The Three Sarahs From Sarah Lawrence College, Closets
The Three Sarahs From Sarah Lawrence College

While breezing in and out of the Margiela store on a Saturday afternoon, I spotted Sarah Aoanan, riveting in baggy black leather shorts and a green beret with her shiny long black hair and warm eyes. I did my spiel about shooting her for the site, but it didn’t take much to win her over to our concept. Not only did I nab Sarah A., but she arranged for me to shoot her two best friends at Sarah Lawrence College, Sarah Reifschneider and Sarah S., where they are all undergraduates. Each Sarah possesses a strong, open, and individual spirit, and their styles are all unique from one another.

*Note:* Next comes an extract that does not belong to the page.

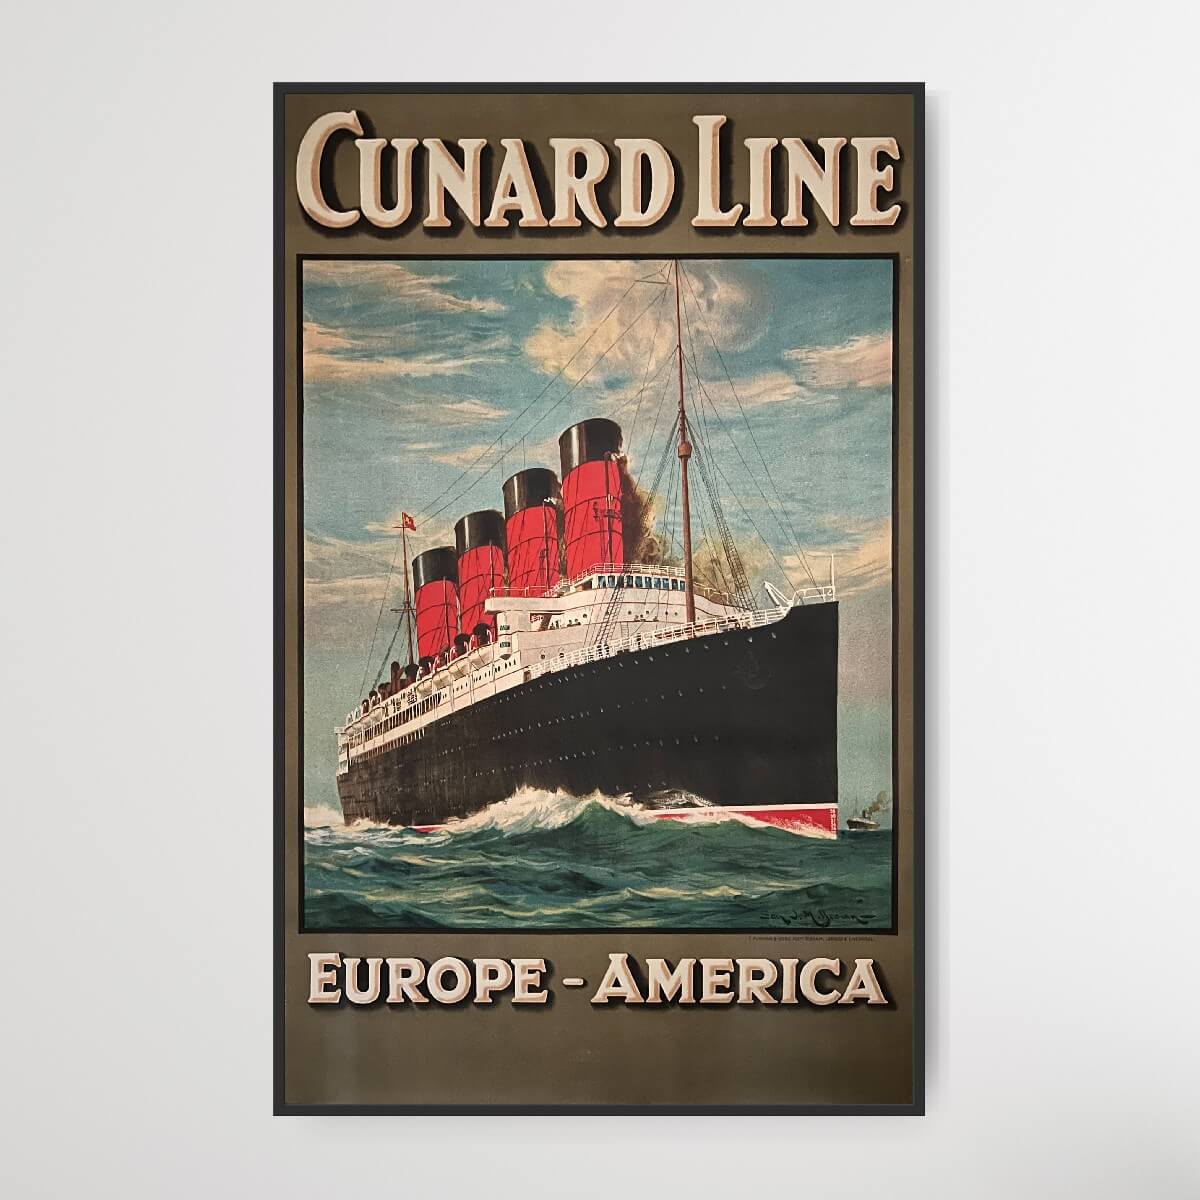 Europa - Amerika | Cunard Line

Sarah A. is a fascinating juxtaposition of ultra-motivated pre-med with a mellow California skater attitude. It turns out she was in Margiela looking for his rendition of the high top. She was born in Seattle and grew up in LA. Understated and classic, she dresses within the context of her environment. When on the west coast, she’s more laid back in her sneakers and baggy cardigans. In New York, she tends towards a more structured style in black leather and detailed blazers.

Sarah R. is an explosion of texture, color, and prints. Born in Berlin and brought up in Israel, her worldly roots are evident in her Missoni hats and indigenous jewelry from all over the world. She sees style as such a creative process that she never throws anything away. A shirt from childhood is now a bandanna. She loves to find people who have her same appreciation for beautiful things and to share those things with them. Eclectic to the max, Sarah R. sees no boundaries with dressing – she makes everything work that anyone gives her.

Glamorous, clean, and in love with African culture, Sarah S. reminds me of a young Karen Blixen from Out of Africa. She was born in Texas and grew up in Switzerland, and you can see the style influence in the Frye boots and innate understanding that European women possess of less is more. Sarah S. is most influenced by her 85-year-old grandmother, who was the “Queen of Jetsetters” in the '60s and '70s. She feels that the most important lesson learned from her was the importance of the basic uniform topped off by one’s individual stamp, like coats and jewelry.